What Startups Should Know about Amazon VPC — Part 2
This is the second post in a two-part series about creating VPCs with Amazon VPC. In the first post, we cover what a VPC is and what its core components are. In this post, we discuss the considerations for designing and creating your VPC.
One of the first things you should do when developing any cloud strategy is to define what success looks like for your business.
For a VPC, you should carefully consider the number of IP addresses that your business needs today and in the future. This will help to determine your VPC IP CIDR block.
Selecting Your AWS Region and IP CIDR
To create your VPC, the first step is to select the region where your resources will be located. All data that will be generated and stored in your VPC will reside in this region. Data will not go beyond the border of your VPC region without you invoking a request to do so. Currently, AWS has 10 regions across the world, spanning five continents.
The second step is to define a master IP CIDR block. All future subnets for this VPC will inherit the first two octets of the IP CIDR block that you define.
Once defined, the IP CIDR block is irreversible. It determines the number of subnets and IP addresses that you can create inside your VPC. Therefore, it is important that you chose a CIDR block that allows you to scale according to your needs today and in the future.
You can chose a CIDR block that is as small as a /28 or as large as a /16. A /28 will provide you with 16 IP addresses and a /16 will provide you with 65,536 IP addresses.
The following illustration shows a CIDR block relationship to VPC subnets.
The following screenshot shows how to create a CIDR block in the Amazon VPC console.
As shown in the screenshot, your private subnet should be the default for your resources unless they absolutely must have a public IP address attached to the instance. NAT instances are used to provide Internet access to your private subnet resources. You can use a bastian host to access them from a public domain such as the Internet. Note that you can access resources in the private subnet securely via a hardware VPN between your LAN and your VPC or via AWS Direct Connect.
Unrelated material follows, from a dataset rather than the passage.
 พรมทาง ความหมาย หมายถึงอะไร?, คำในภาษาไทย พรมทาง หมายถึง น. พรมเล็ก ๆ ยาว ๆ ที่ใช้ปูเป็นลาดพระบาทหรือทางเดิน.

Avoiding Overlapping Addresses
Traffic that is destined to an overlapping address space is dropped. Therefore, it is important that the IP CIDR block that you define for your VPC does not overlap with the IP CIDR block for your on-premises network or another VPC if you plan on routing between them.
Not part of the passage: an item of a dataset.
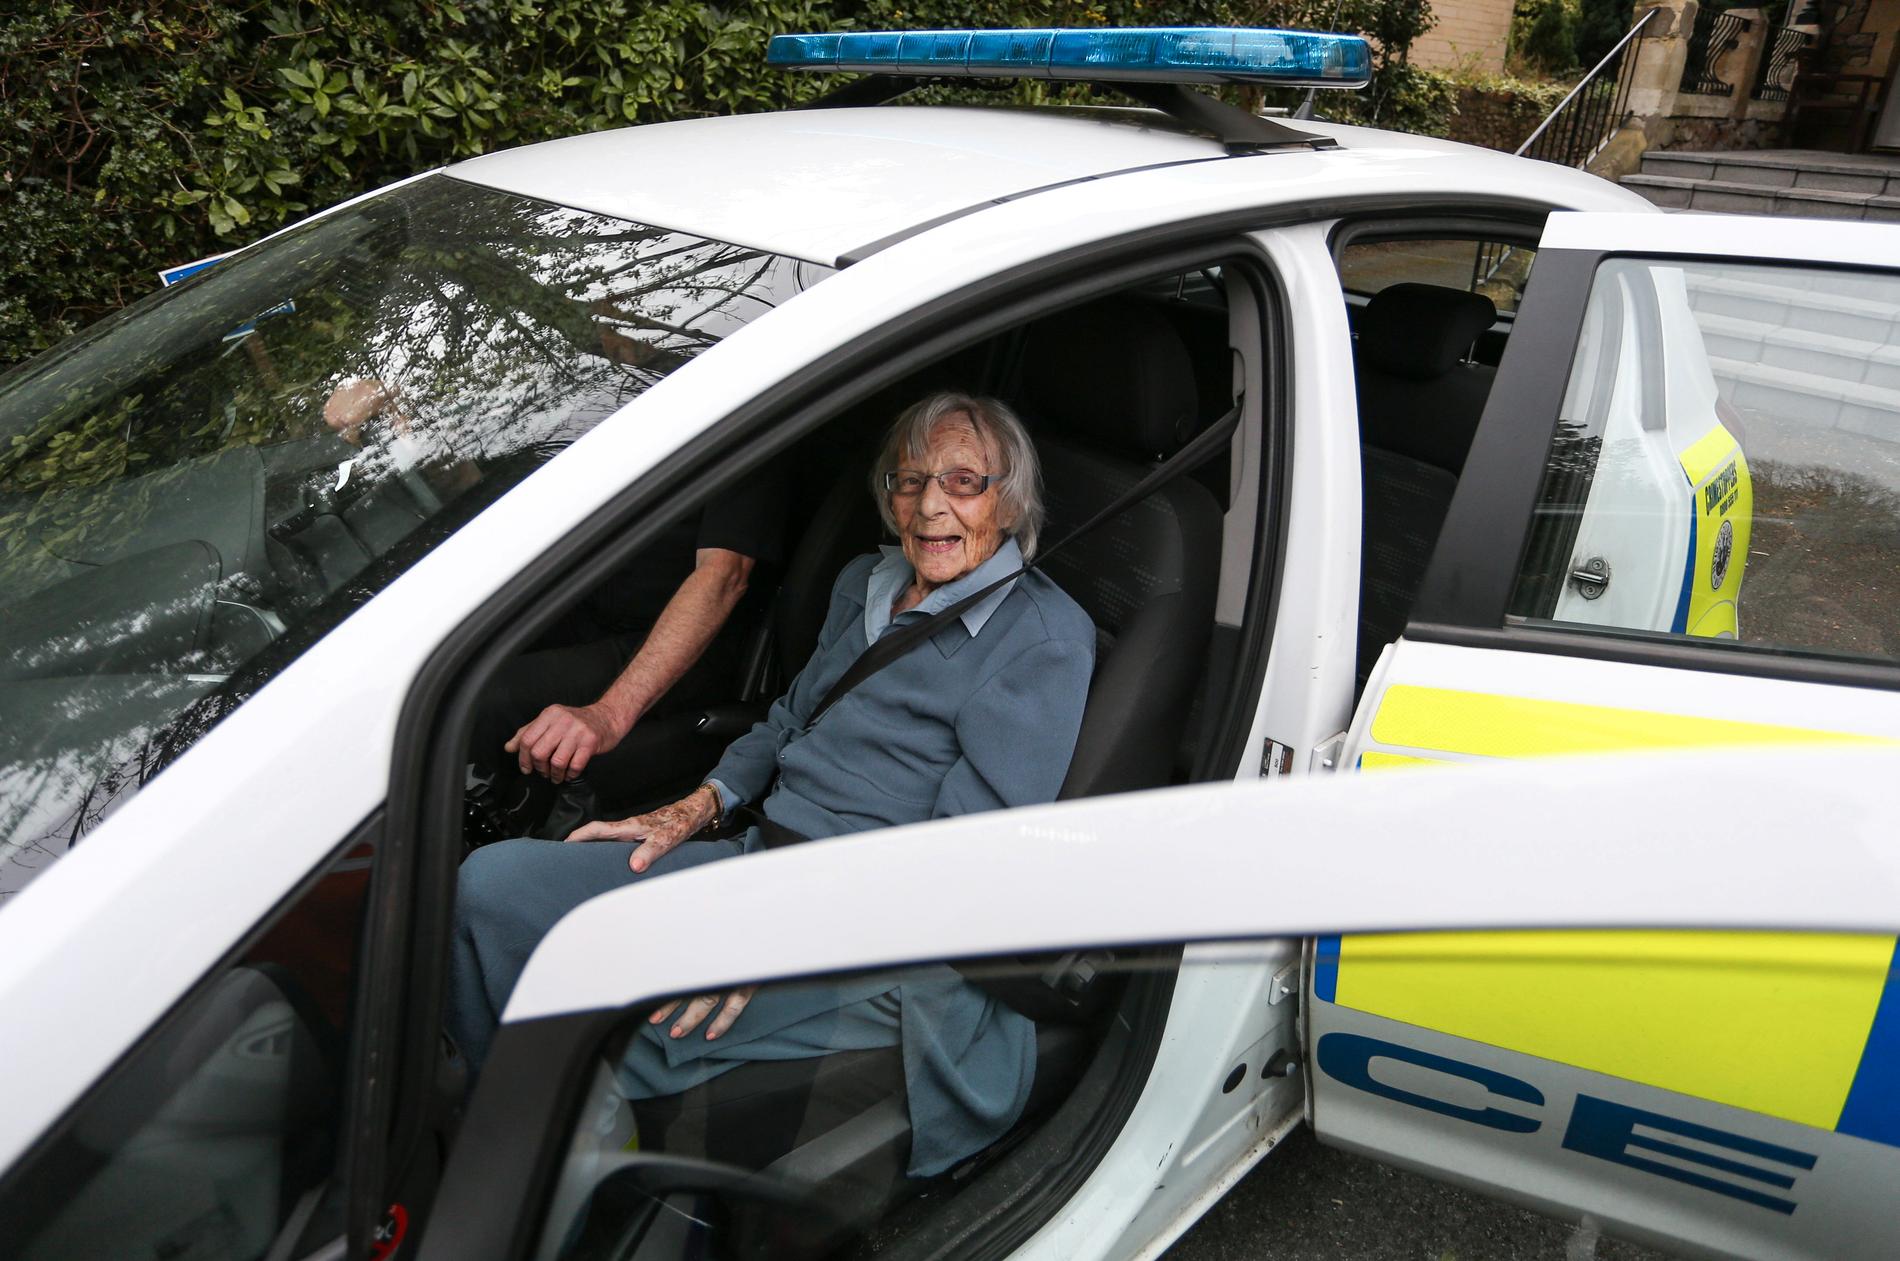 Anne Brokenbrow, 104, drömde om något få önskar sig – att bli gripen av polisen. Då blev hon det.

This means that if your plan is to connect two VPCs in the same region, or to connect your VPC to your local data center, then you cannot have the following overlaps:
VPC A — IP CIDR Block: 10.0.0.0/16
VPC B — IP CIDR Block: 10.0.0.0/16
VPC A — IP CIDR Block: 10.0.0.0/16
On-premises LAN — IP CIDR Block: 10.0.0.0/8
Here are examples of non-overlapping addressing:
VPC A — IP CIDR Block: 10.0.0.0/16
VPC B — IP CIDR Block: 172.16.0.0/16
VPC A — IP CIDR Block: 10.0.0.0/16
On Premise LAN — IP CIDR Block: 10.1.0.0/8
For more information, see IP Overlap.
Decoupling, Fault Tolerance, and High Availability
The AWS approach to a global footprint is to physically and logically isolate its resources into regions and Availability Zones (AZ).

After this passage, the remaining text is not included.